То был император. Он неслышно вошел в комнату и слышал их разговор. Секретарь и его помощник встали.
— Берегитесь этого юноши, Фен, он хорошо соображает. А где Меневаль?
— В постели с малярией, сир.
— А как зовут юношу?
— Себастьян Рок, сир. Он мой старший служащий, поскольку у него хороший стиль письма.
— Мы могли бы, пожалуй, использовать его в Карнавале. Что вы об этом думаете, Фен?
— Он действительно образован…
В особняке Карнавале службы цензуры перерабатывали театральные пьесы, которые получали разрешение на постановку. Как Писистрат в Афинах заставлял переписывать песни Гомера, так образованные чиновники вырезали из «Аталии» далекие, но неприятные для его величества намеки; они лишали классиков остроты ради спокойствия империи, подыскивали новое место действия для слишком осовремененных комедии.
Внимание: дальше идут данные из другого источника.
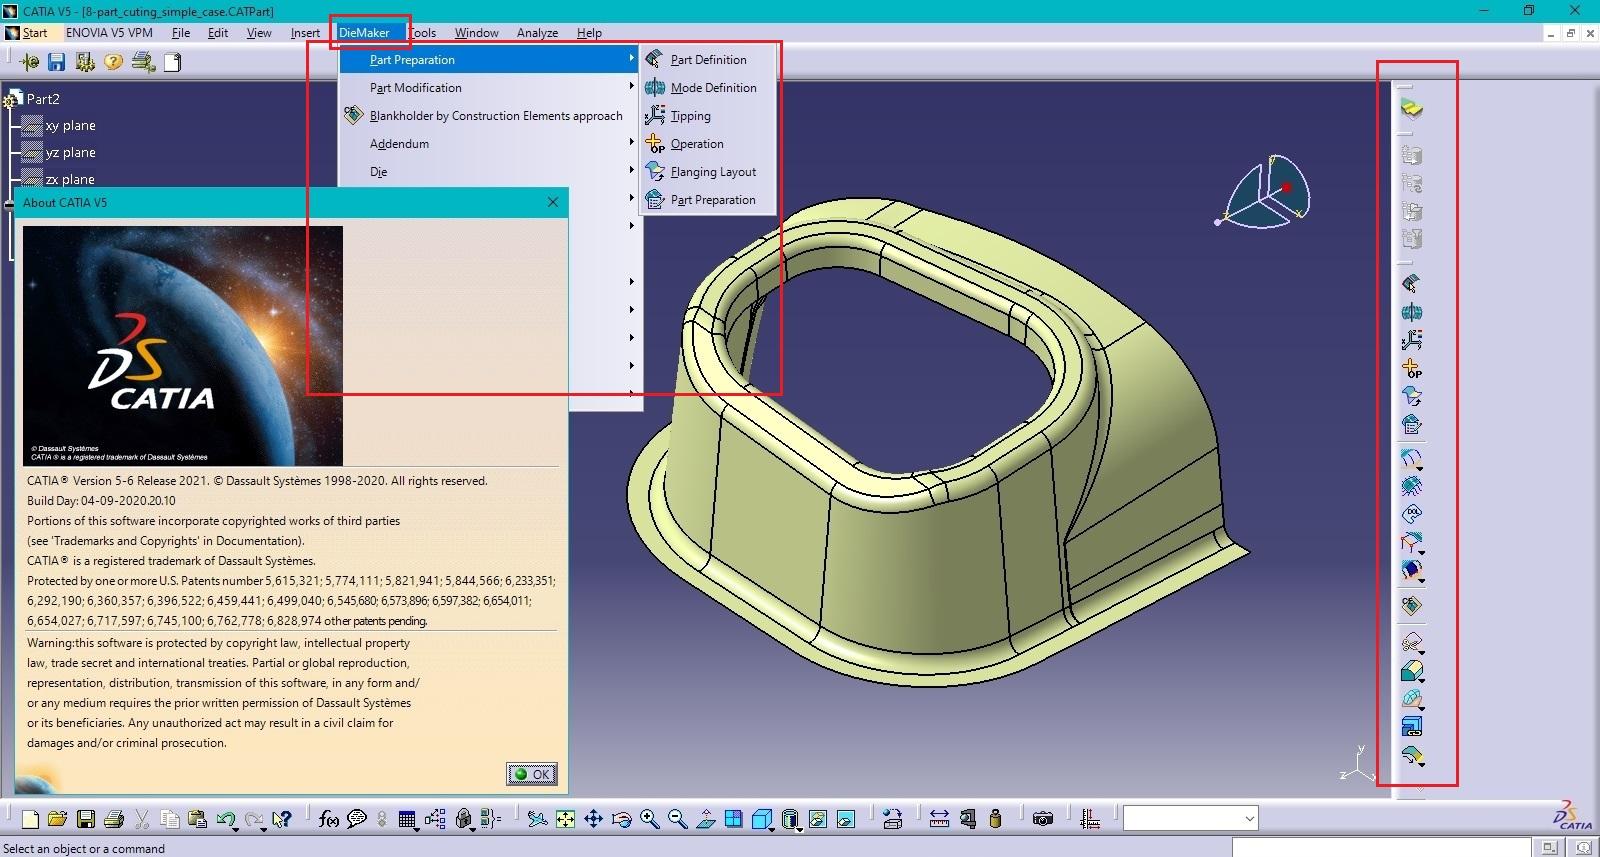 Working with ESI PAM-DIEMAKER 2021.0 for CATIA V5 R28-R30 full

Себастьян зарделся от счастья, и чтобы сдержать дрожь в руках, сложил их вместе. Наполеон спросил:
— Вы любите театр?
— В Париже, сир, я ходил в театр так часто, насколько мне это позволяла служба в Военном министерстве.
— Вы смогли бы пересмотреть трагедию?
— Да, сир.
— И вытравить у классиков сцены и слова с двойным смыслом, в которых зритель способен увидеть намек на империю и своего императора?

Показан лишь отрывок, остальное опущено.